Montana Quits American Library Association Over Marxist President, Wyoming Noncommittal

After the Montana State Library became the first state to cut ties with the American Library Association after its president called herself a Marxist. Wyoming's library leader was noncommittal on the topic.

CM
Clair McFarland

July 12, 20236 min read

Emily Drabinski, President of the American Library Association.
Emily Drabinski, President of the American Library Association. (American Library Association)

The Montana State Library cut ties Tuesday with the American Library Association over the ALA president self-identifying as a Marxist.  

Montana is the first state to break from the 147-year-old organization.  

“Our oath of office and resulting duty to the Constitution forbids association with an organization led by a Marxist,” reads a draft letter from the seven-person Montana State Library Commission to the ALA.

A five-commissioner majority approved the action during a Tuesday meeting, with one member voting against it and Commission Chair Peggy Taylor abstaining.  

ALA President Emily Drabinski described herself as a “Marxist Lesbian” in an April 13, 2022, tweet, which she has since deleted.  

“I just cannot believe that a Marxist lesbian who believes that collective power is possible to build and can be wielded for a better world is the president-elect of (ALA),” reads a screenshot of Drabinski’s tweet.  

The ALA did not respond immediately Wednesday to a request for comment.

Campbell County Way Earlier 

The Campbell County Library Board in Gillette, Wyoming, divorced the ALA nine months before Montana did in October 2022.  

Its chair, Sage Bear, said she was delighted to see Montana do the same.  

“I’m so excited about that,” Bear told Cowboy State Daily on Wednesday.
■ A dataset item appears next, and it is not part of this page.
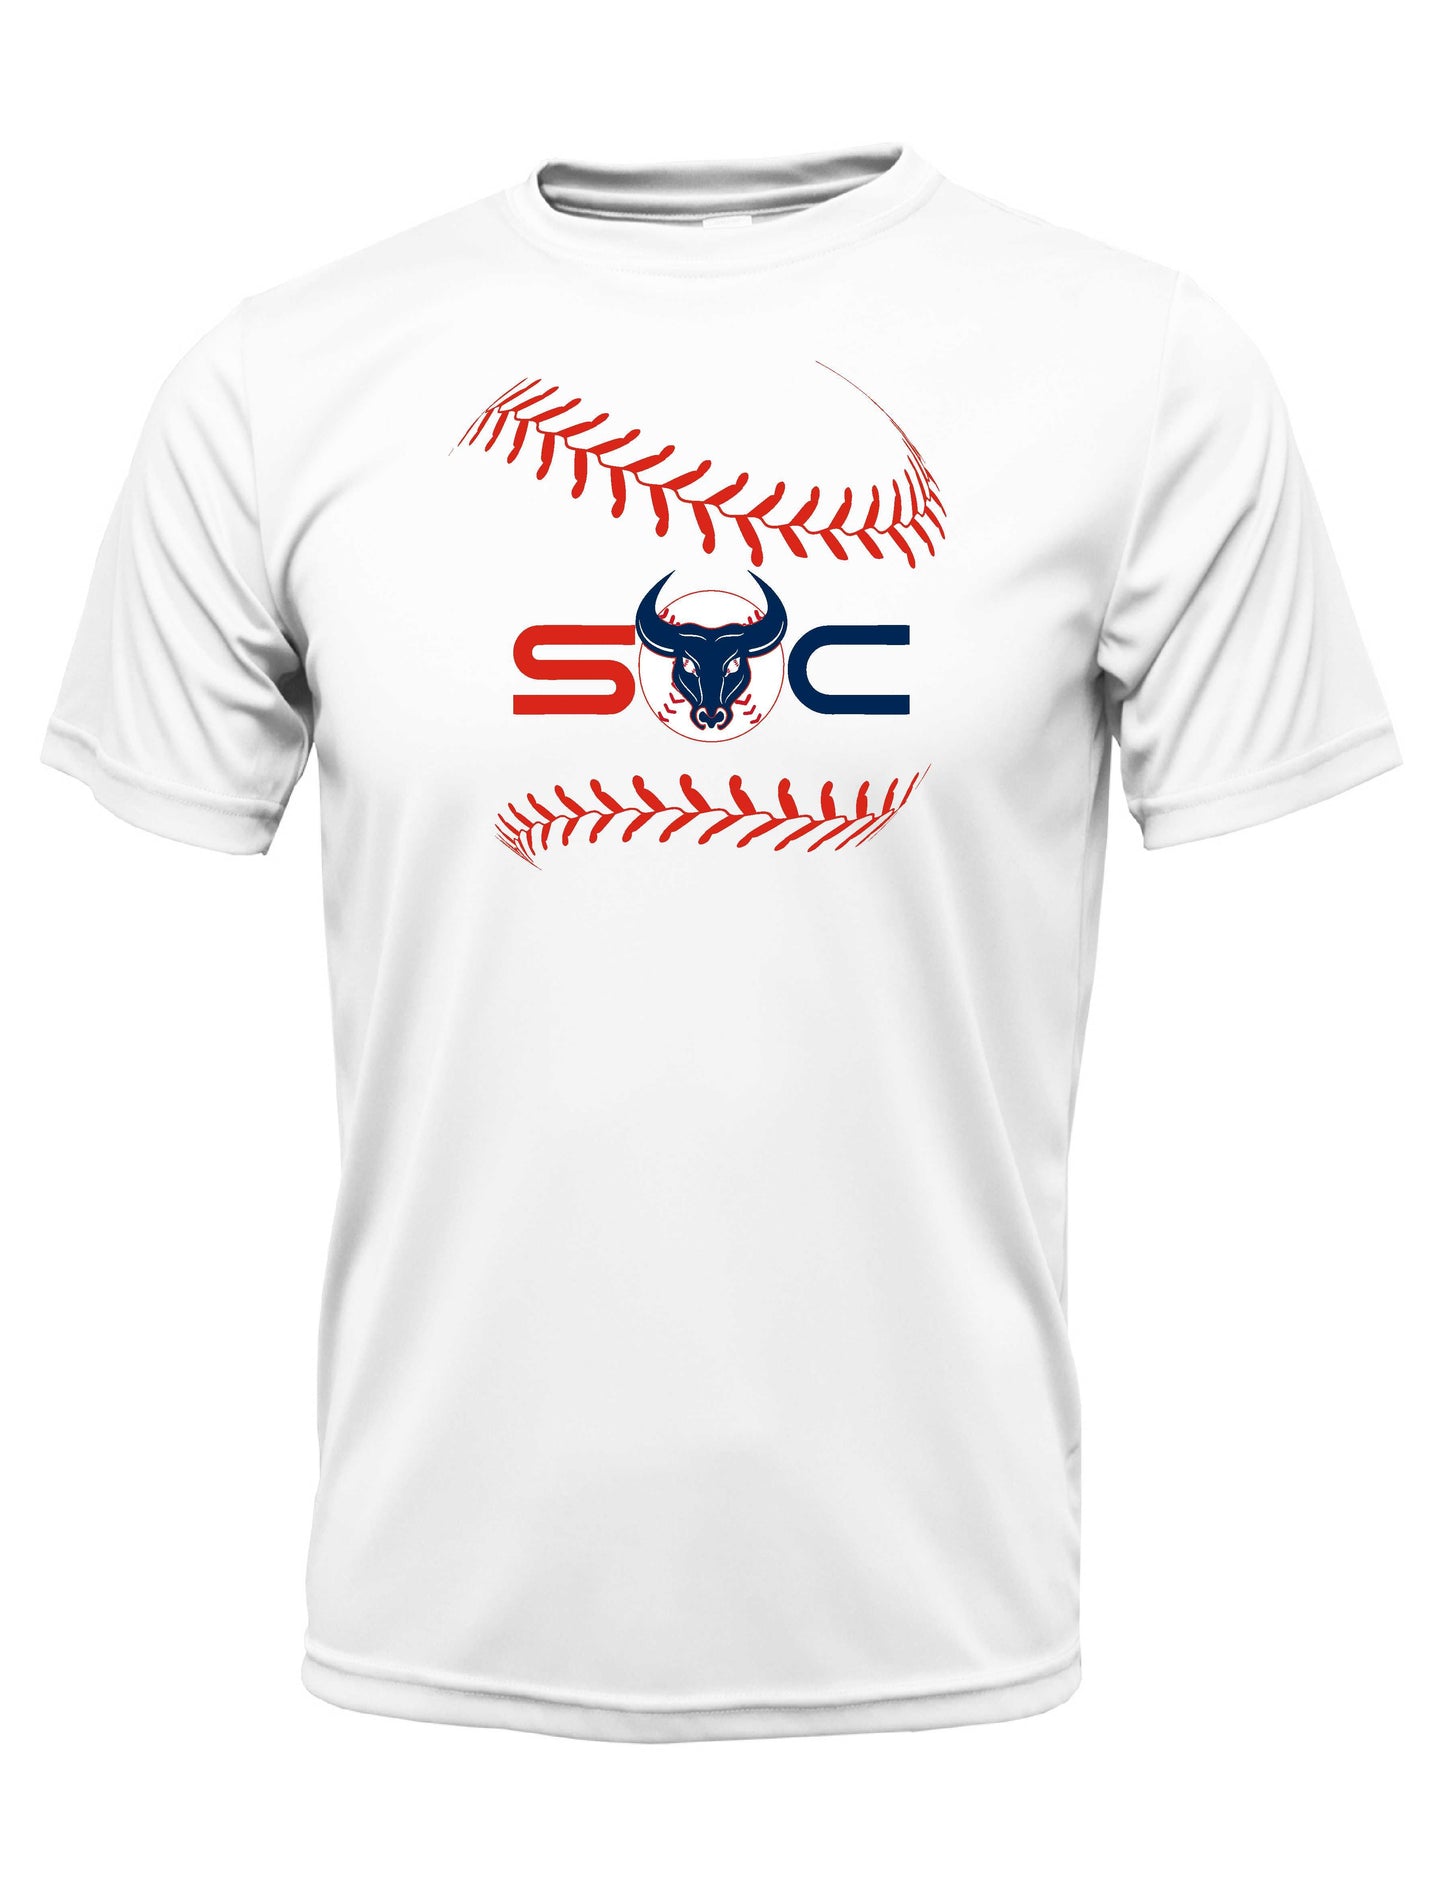 SC "Laces" Cotton T-shirt
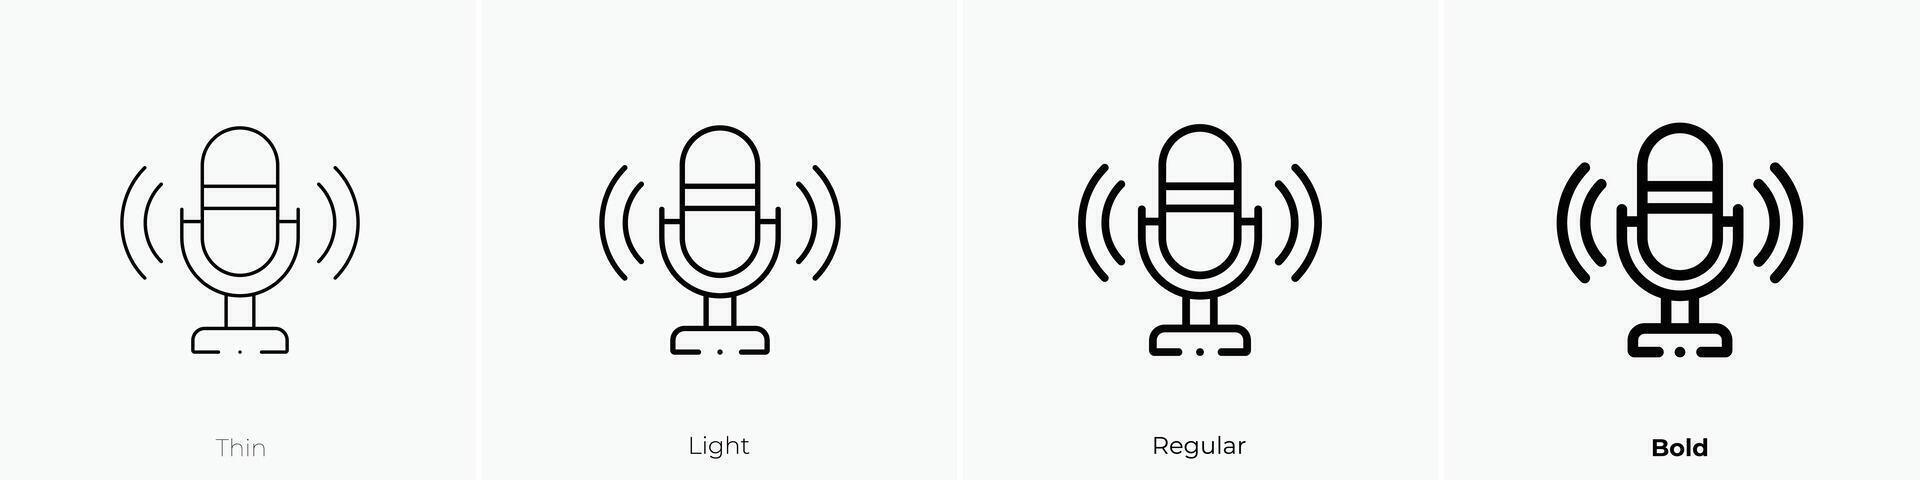 mikrofon ikon. tunn, ljus, regelbunden och djärv stil design isolerat på vit bakgrund vektor

She said she’s going to talk to people to learn the likelihood of Wyoming doing the same at the state level.  

The ALA doesn’t dictate to libraries what they have in their collections, Bear said. But they can influence those decisions.  

“They strongly influence. They influence the publishers, make book list recommendations,” said Bear. “They have a huge influence.” 

Bear’s board has worked for several months to tighten curation policies to weed sexually graphic books out of the Campbell County Public Library after the community erupted in 2020 and 2021 with controversy and some community members asked for a criminal obscenity investigation into the library.  

The Wyoming State Library in Cheyenne.
The Wyoming State Library in Cheyenne. (Greg Johnson, Cowboy State Daily)

Wyoming Not Saying 

Wyoming is noncommittal about the likelihood of following Montana’s lead.

The Wyoming State Library has worked with the ALA for 99 years this year, said Jamie Markus, Wyoming State Librarian.  

Markus said he does not support the ALA necessarily and has a variety of professional and personal thoughts on it, which he declined to discuss. But the organization offers continuing education for library staffers and events where vendors and other service providers gather. That makes for time and cost savings.  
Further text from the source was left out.